Late, great immigration debate

Does the U.S. economy need all those illegal immigrants to stay or a are they taking jobs away from Americans?

All this week, Mark Krikorian and Tamar Jacoby debate immigration.


Wanna work hunched over in a field? Knock yourself out!
By Tamar Jacoby

Mark Krikorian will respond later this morning

Of course, we need immigrant workers—and most Americans don't need an economist to explain it to them. Does anyone reading this want to spend the next several decades—because remember, this isn't just summer work, these are full-time, year-round, lifetime jobs—hunched over in the fields, or busing tables, or standing at a dirty, dangerous assembly line in a meatpacking plant? Do you know anyone raising their kids to do any of those jobs, or anything like them? I doubt it, because very few Americans do. In 1960, half of all American men dropped out of high school to look for unskilled work. Today, fewer than 10 percent do—but we still need those kinds of jobs filled.

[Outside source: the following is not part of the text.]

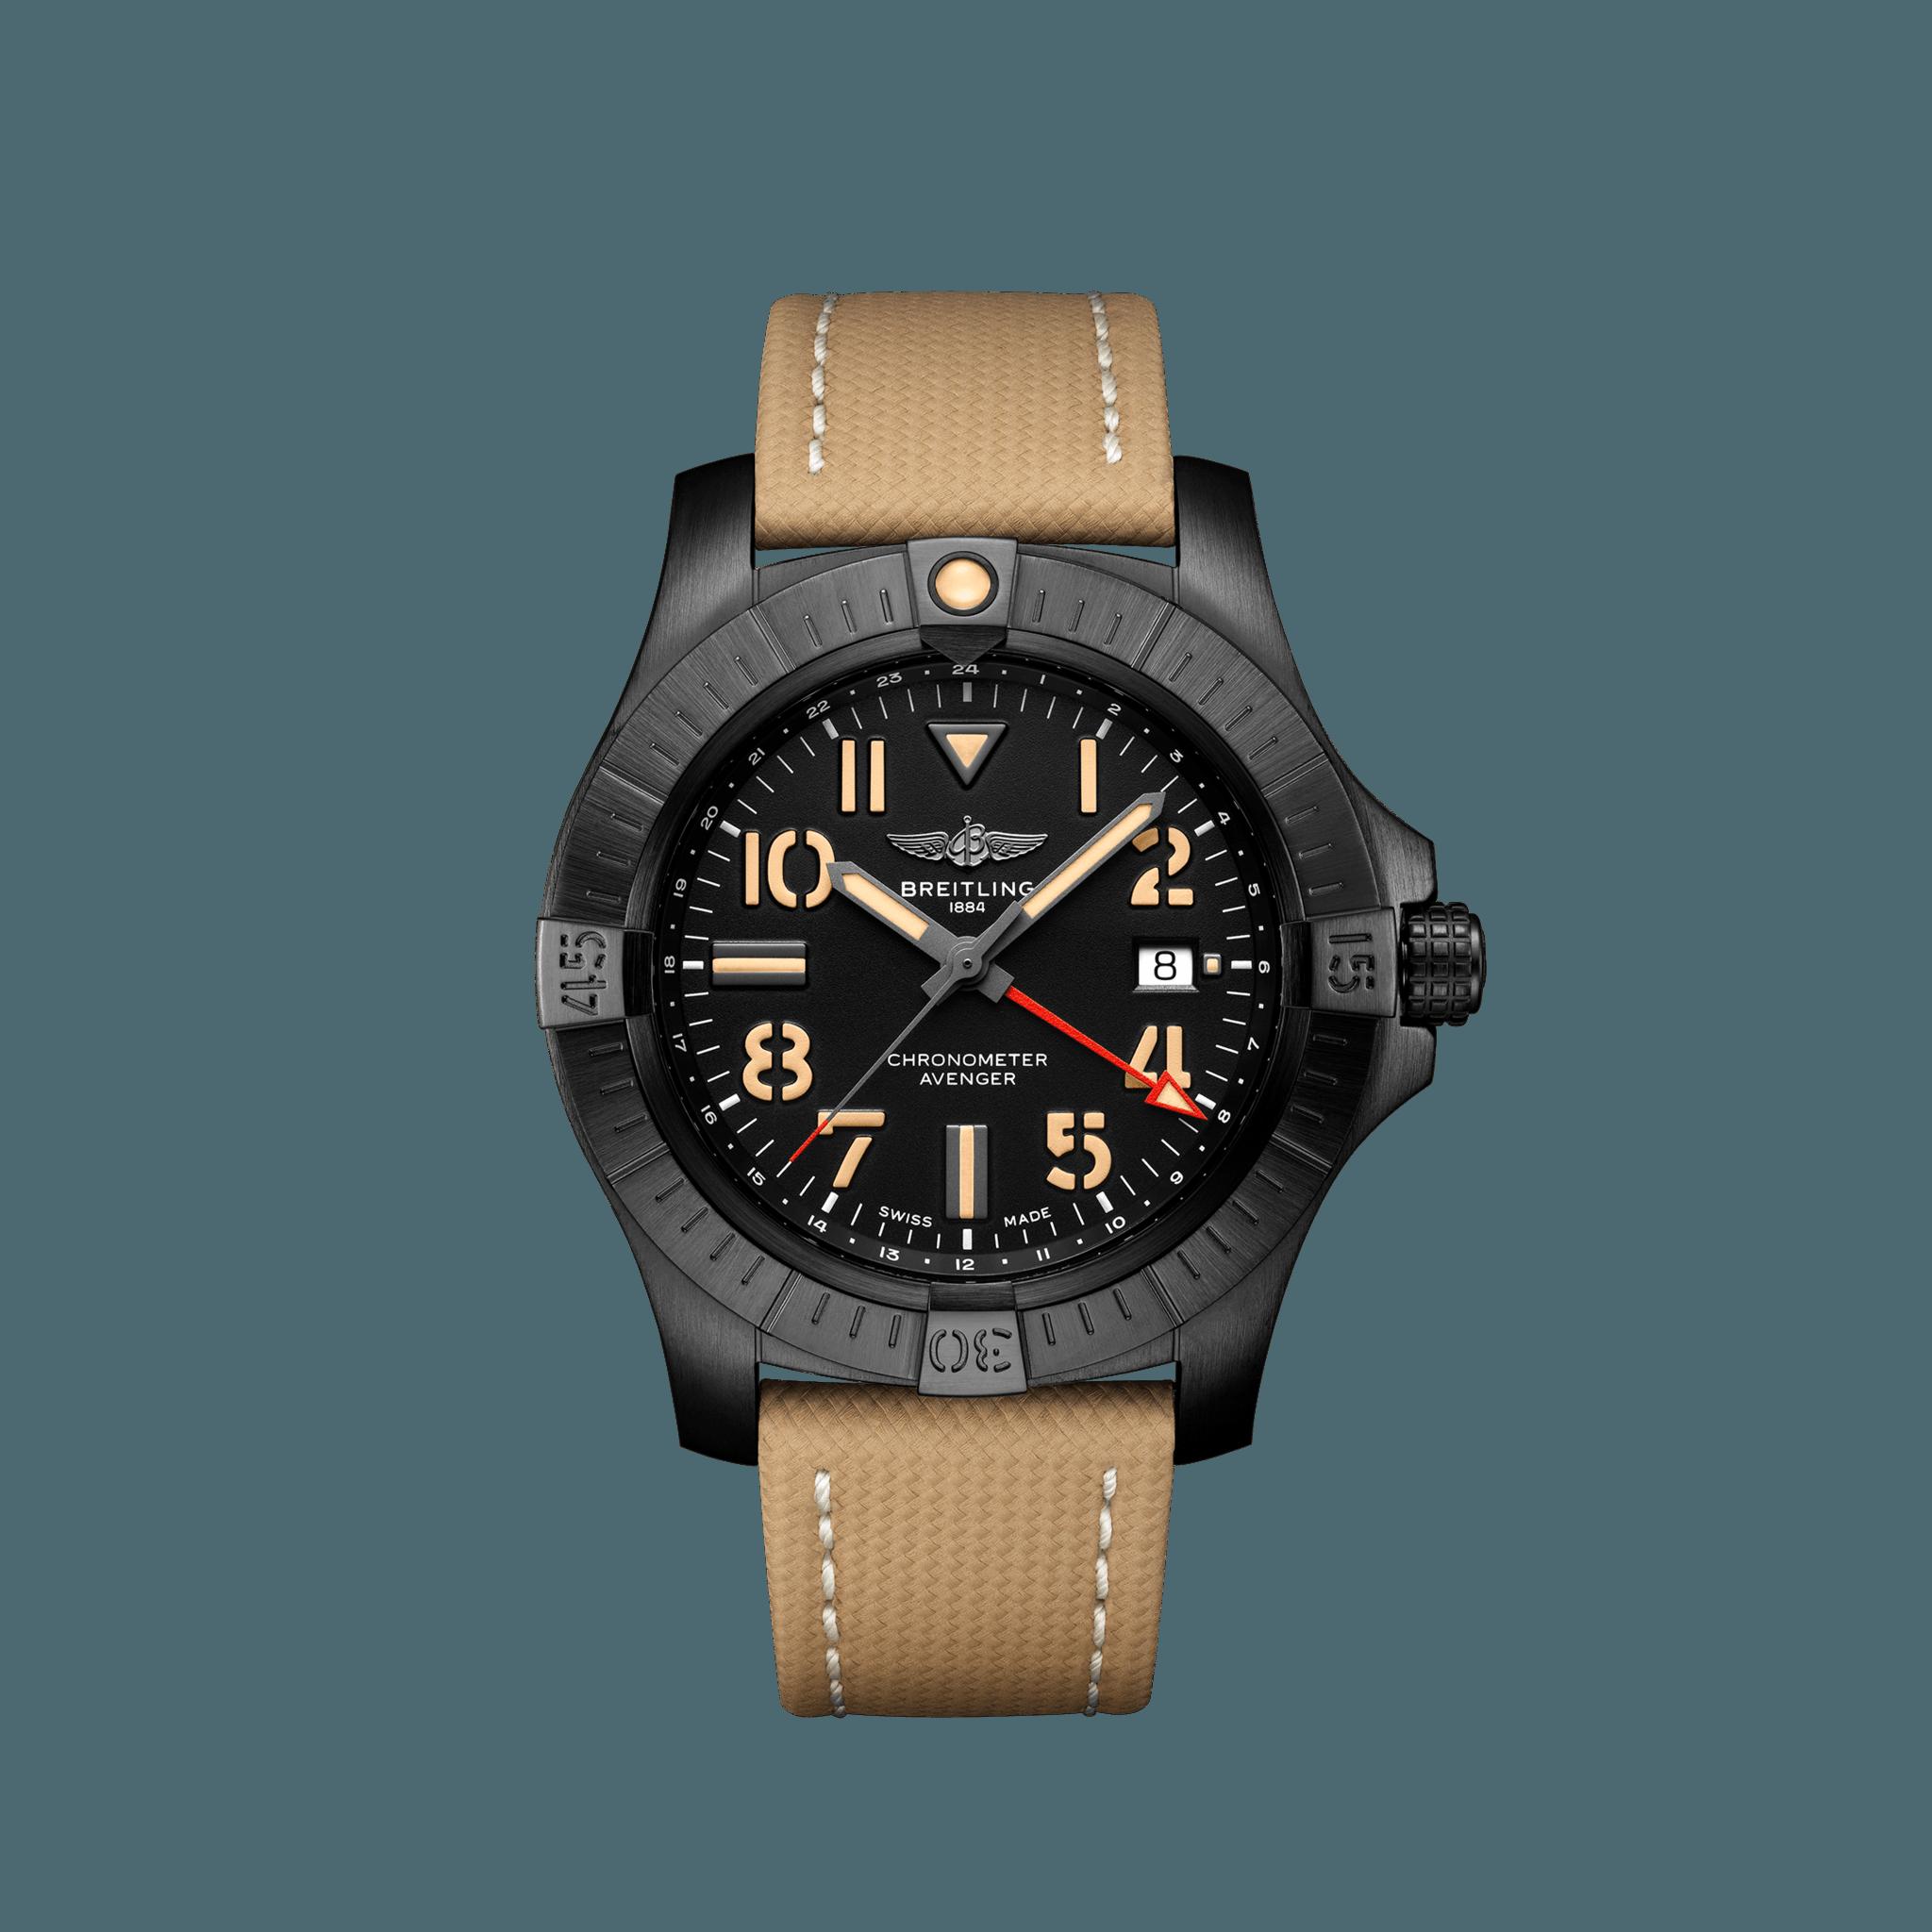 ブライトリング アベンジャー オートマチック GMT 45 ナイト ミッション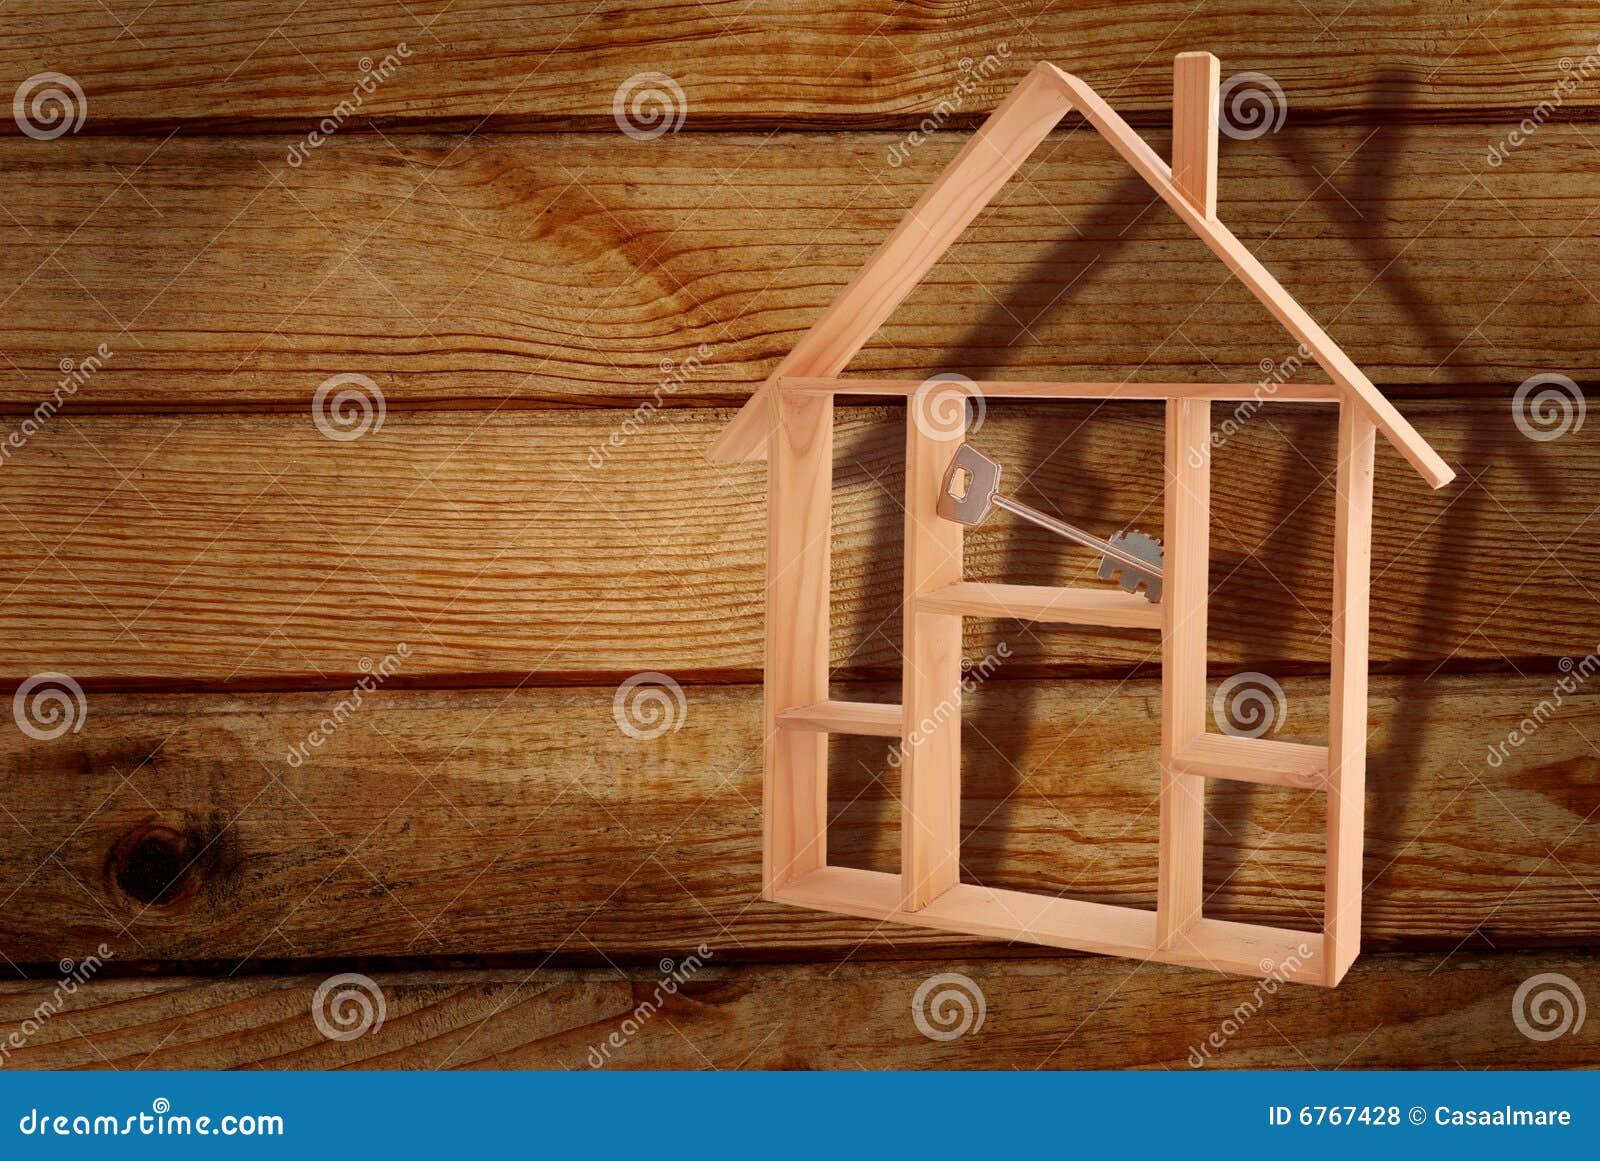 Casa del bene immobile

And immigrants don't just keep the economy going, they grow it, making us all richer and more productive. You can't grow a business without new workers—and not only do most native-born workers already have jobs, but with most of us having smaller families and baby-boomers retiring en masse, the native-born workforce will soon be shrinking—shrinking dramatically. So without a robust supply of new immigrants, our economy, too, would soon be shrinking. In fact, if there'd been no immigrants in the past decade, the U.S. economy would have grown by less than half as much as it did. Think about it: half as many new houses built, half as many businesses opened, half as many new jobs created, half as much new tax revenue collected—and much less economic vitality.

And that economic growth isn't just good for employers—it's good for all Americans, whatever they do. Imagine a young couple that wants to open a restaurant. How could they if they couldn't find folks to bus the tables and wash the dishes and do the scullery work in the kitchen? But if they can find those low-skilled employees—and most likely they will be immigrants—then they can also hire waiters and managers and hostesses and a chef, and chances are, many of those jobs will be filled by native-born Americans. Not only that, but once the couple opens the restaurant, that will mean more work for local farmers, local produce truckers, the construction company they hire to build the restaurant, the people who furnish and decorate it, a bank, an insurance company, an ad agency, and lots of other businesses up- and downstream from all of these—most of which employ more relatively skilled Americans than immigrants. The moral of the story: immigrants aren't stealing American jobs. On the contrary, they're creating them—they're growing the pie for all of us.

But what's crazy is that under the current immigration system, there's no legal way for these needed workers to enter the country. Not only do we need the eight million illegal workers already here to stay on. Just imagine how many businesses would shrink or collapse if they left. (Remember, we're at what economists call "full employment"—virtually no workers to spare.) But we also need a continuing supply of new workers to keep the economy growing.

As is, that growth generates about 500,000 new unskilled jobs every year, but there are only 5,000 visas for foreigners who want to do full-time, year-round, unskilled work. No wonder people are breaking the law—there's no other way to square that circle. It's not okay that they do—no one thinks it is. But we need a better answer—a system that allows these needed workers to enter the country lawfully.

We shouldn't have to choose between immigration and legality. We need to fix our broken immigration system so that we can have prosperity and the rule of law too. And frankly, I don't understand you, Mark. Why on earth are you opposed to that? Wouldn't you rather see a system that is lawful and controlled. As is, you're just an apologist for our hypocritical, nudge-nudge-wink-wink failure—unrealistic law that we can't possibly make stick and that benefits no one but the smugglers and a few unscrupulous, bottom-feeder employers.

Tamar Jacoby is a senior fellow at the Manhattan Institute.